The task:
Beneath this line are entries. Copy the range from the line with "Mujer joven busca" to the line with "Lululemon Define Jacket", ends included, exactly; leave pictures out.

Supplied records:
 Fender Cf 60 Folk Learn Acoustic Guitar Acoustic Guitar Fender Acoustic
...
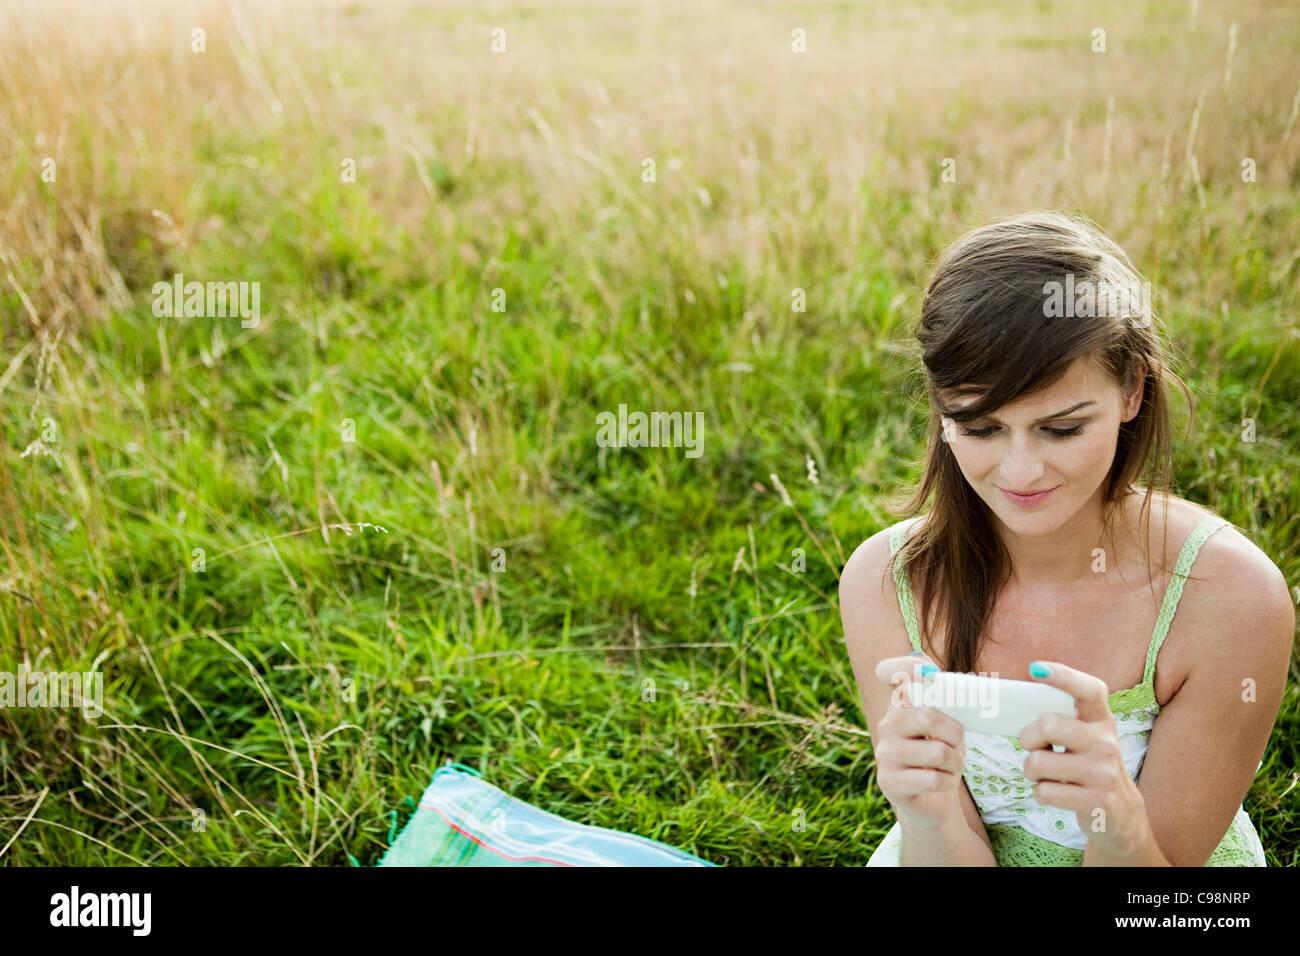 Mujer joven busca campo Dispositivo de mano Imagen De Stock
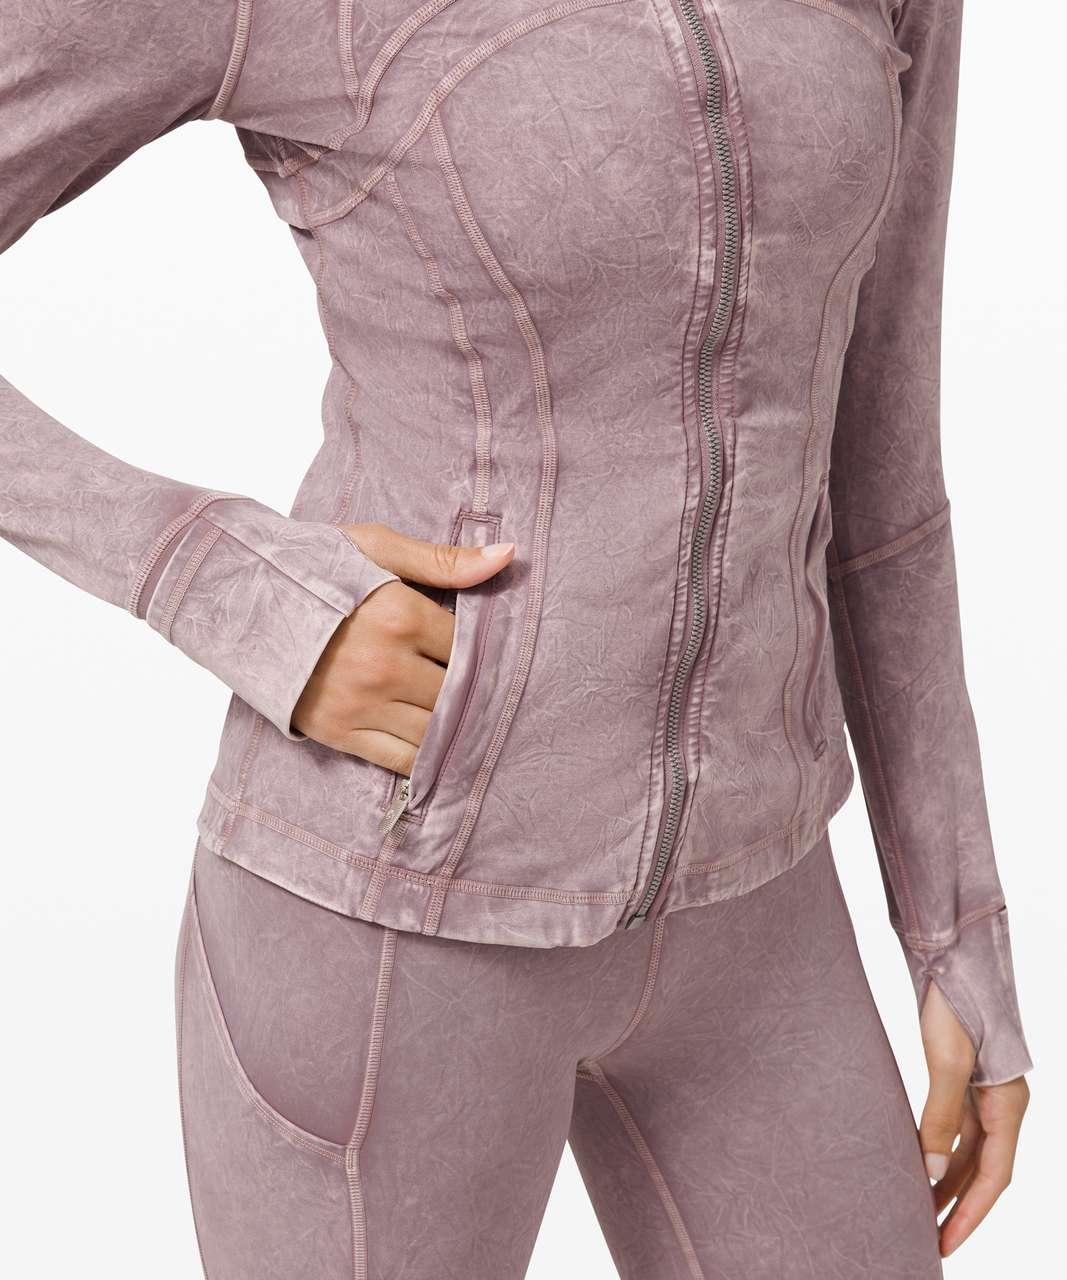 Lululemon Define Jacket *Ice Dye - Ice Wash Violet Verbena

Reply to the task:
 Mujer joven busca campo Dispositivo de mano Imagen De Stock
 Lululemon Define Jacket *Ice Dye - Ice Wash Violet Verbena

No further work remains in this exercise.